The three companies' actions are in contrast to AstraZeneca and Johnson & Johnson, which provided their vaccines on a not-for-profit basis, though both have announced they foresee ending this arrangement in future as the pandemic winds down.

PVA said that despite receiving public funding of more than $8 billion, Pfizer, BioNTech and Moderna have refused calls to transfer vaccine technology to producers in low- and middle-income countries via the World Health Organization, "a move that could increase global supply, drive down prices and save millions of lives."

"In Moderna's case, this is despite explicit pressure from the White House and requests from the WHO that the company collaborate in and help accelerate its plan to replicate the Moderna vaccine for wider production at its mRNA hub in South Africa," the group said.

While Pfizer CEO Albert Bourla has dismissed technology transfer as "dangerous nonsense," the WHO's decision to grant emergency use approval to the Indian-developed Covaxin earlier this month proves that developing countries have the capacity and expertise, PVA added.

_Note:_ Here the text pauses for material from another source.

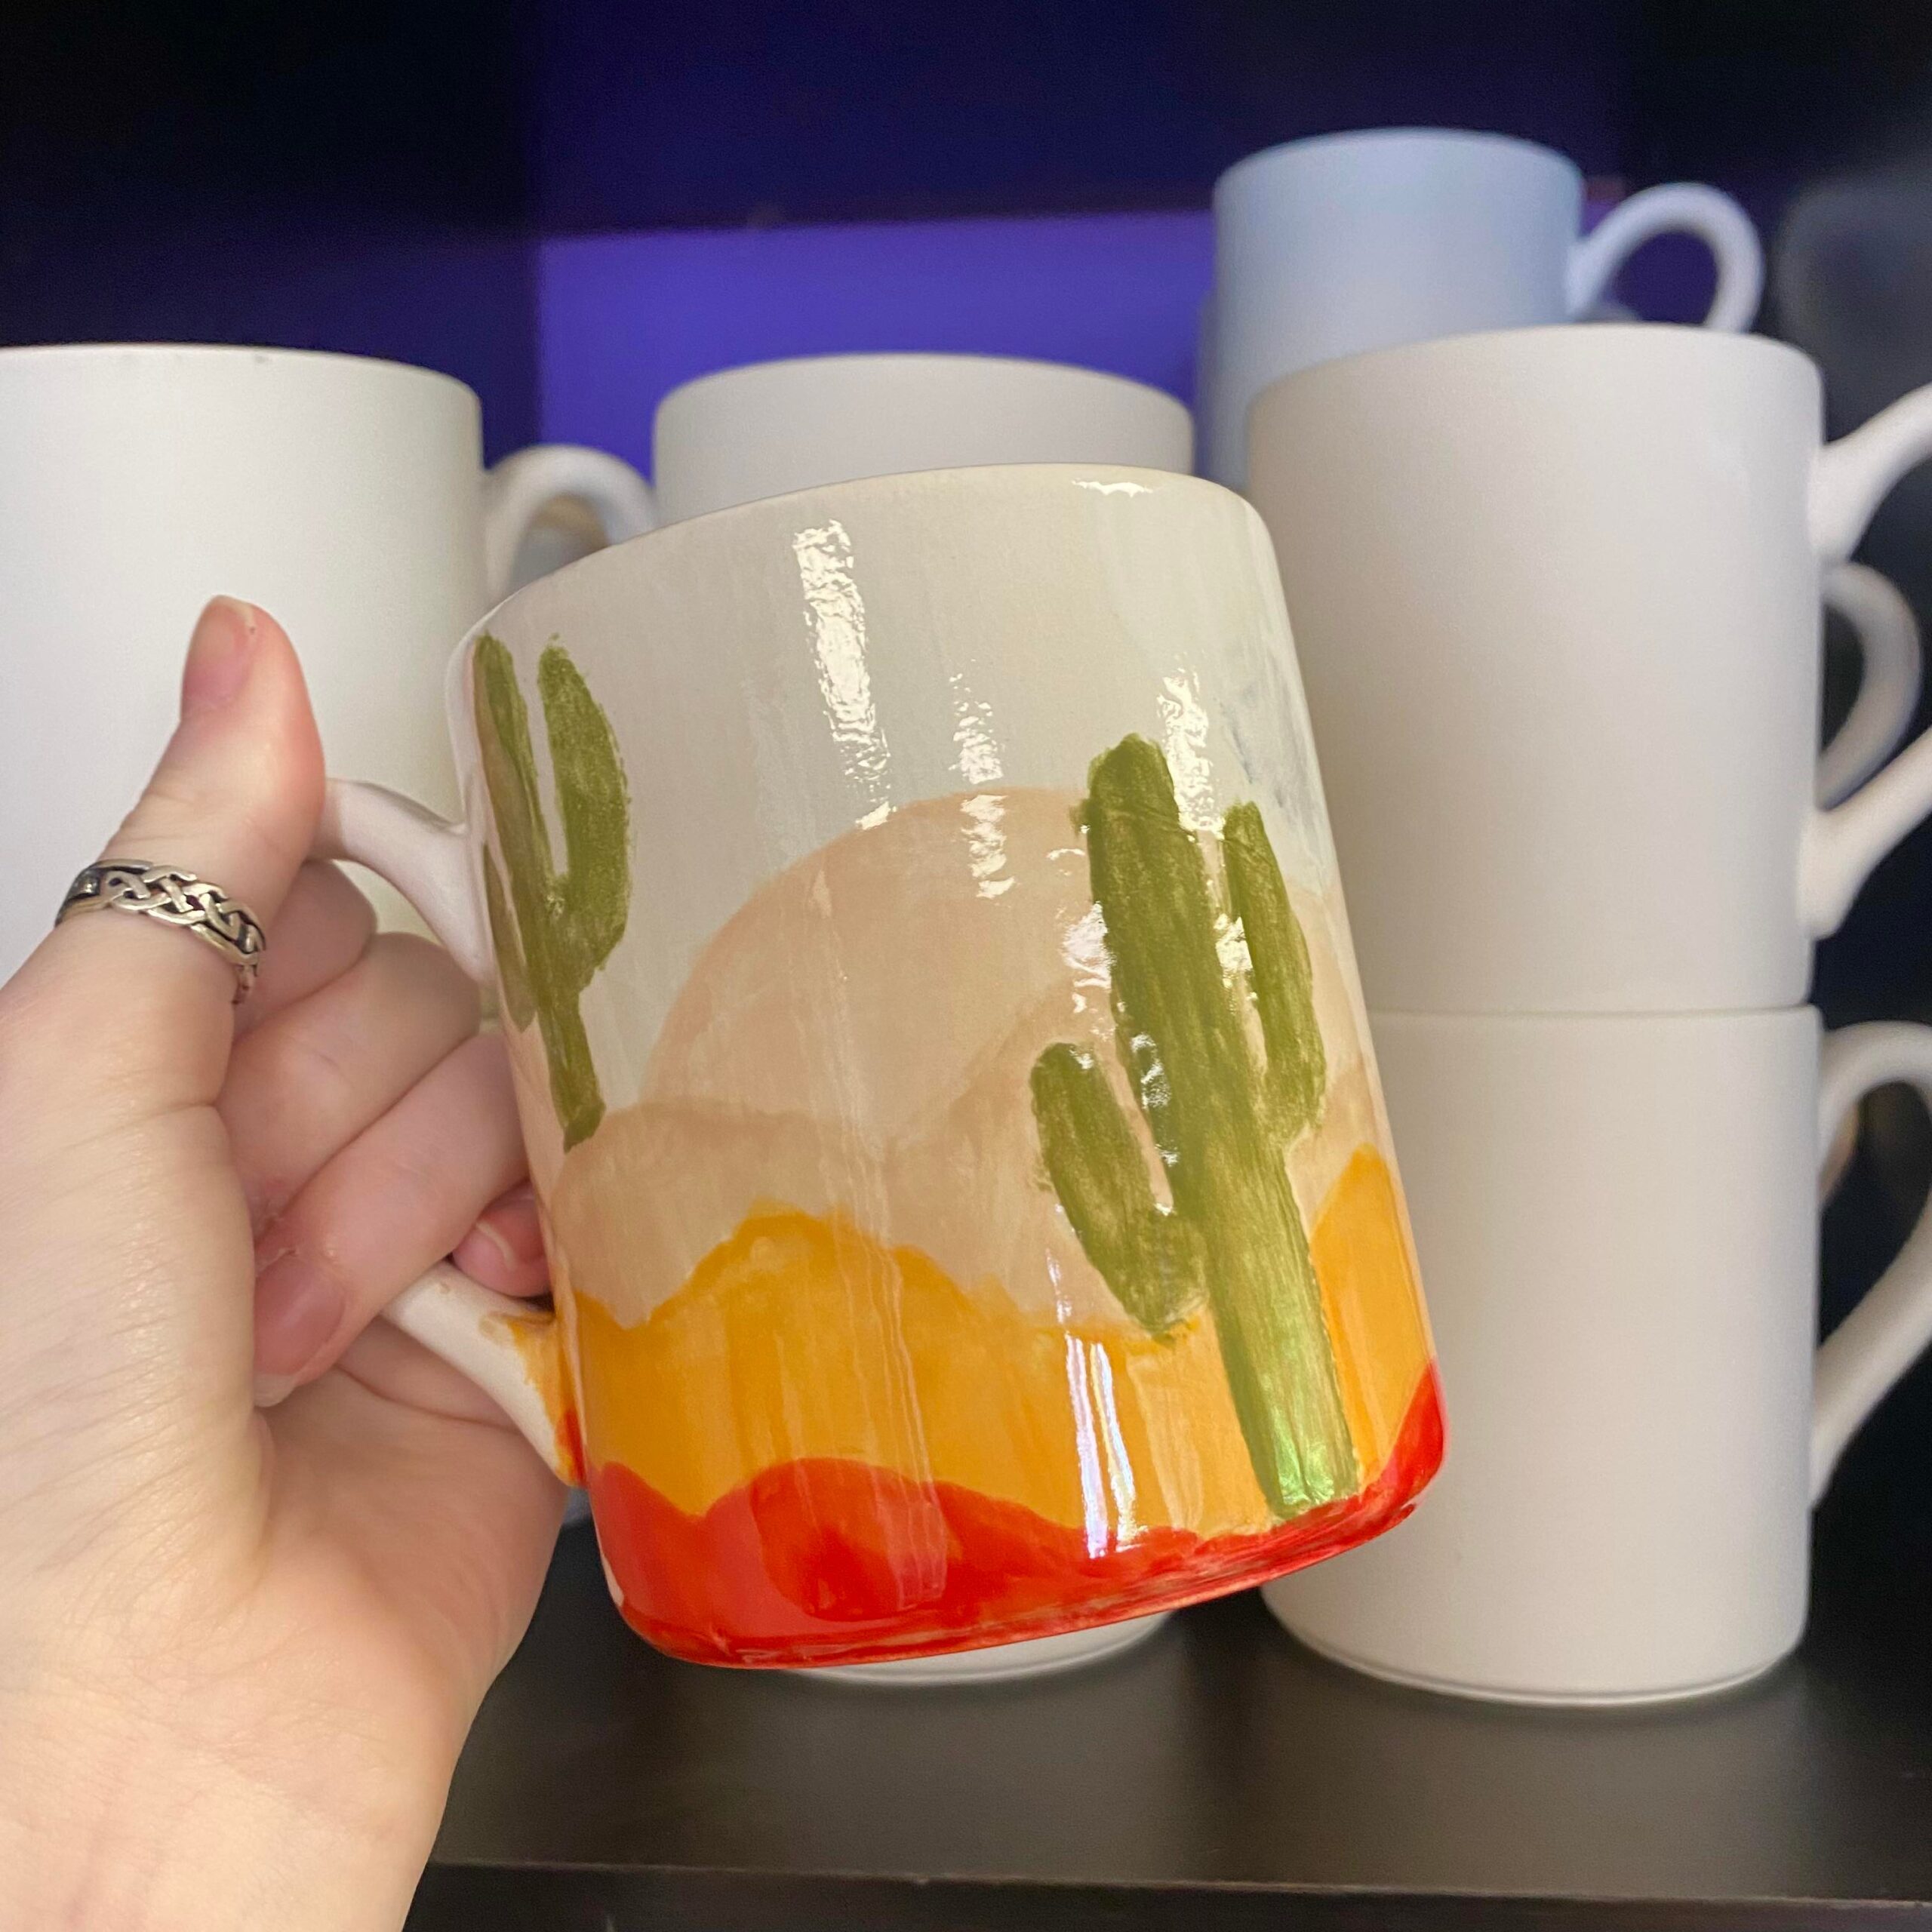 A hand holding a coffee mug with cactus on it.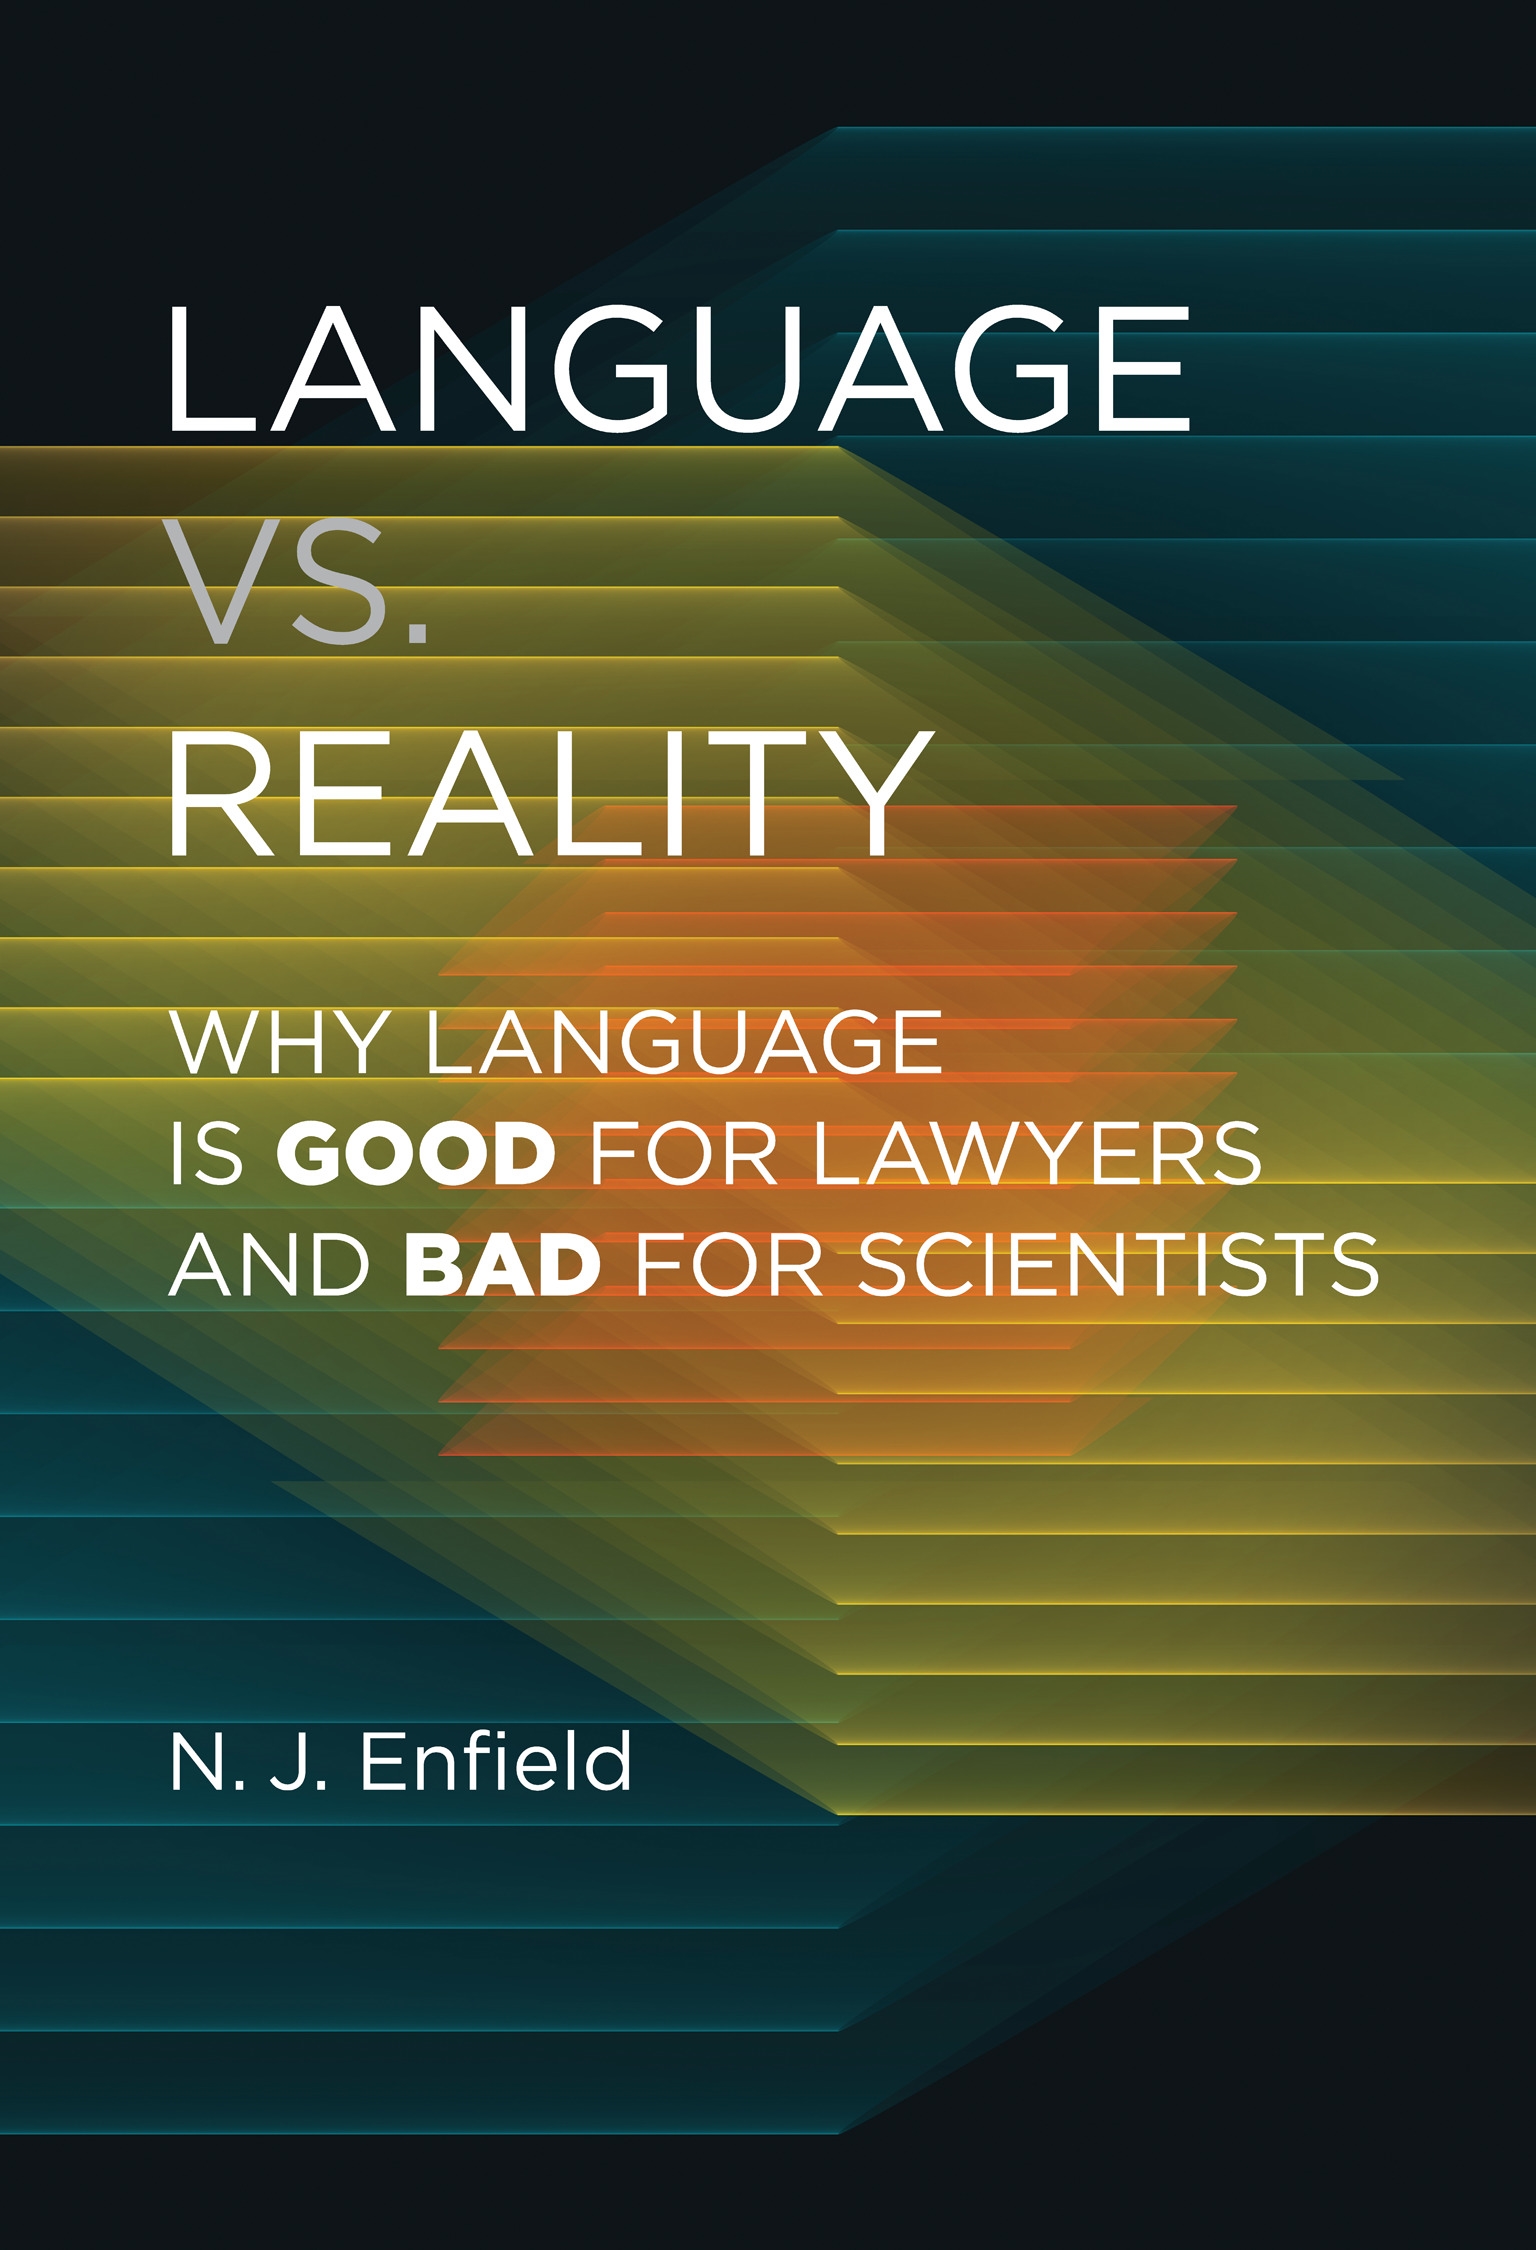 Language vs. Reality by N.J. Enfield - Penguin Books New Zealand

PVA, whose 80 members include the African Alliance, Global Justice Now, Oxfam, and UNAIDS, is calling for pharmaceutical corporations to immediately suspend intellectual property rights for COVID vaccines by agreeing to a proposed waiver of World Trade Organisation's TRIPS agreement.

More than 100 nations, including the United States, back that move, but it is being blocked by rich countries including the UK and Germany.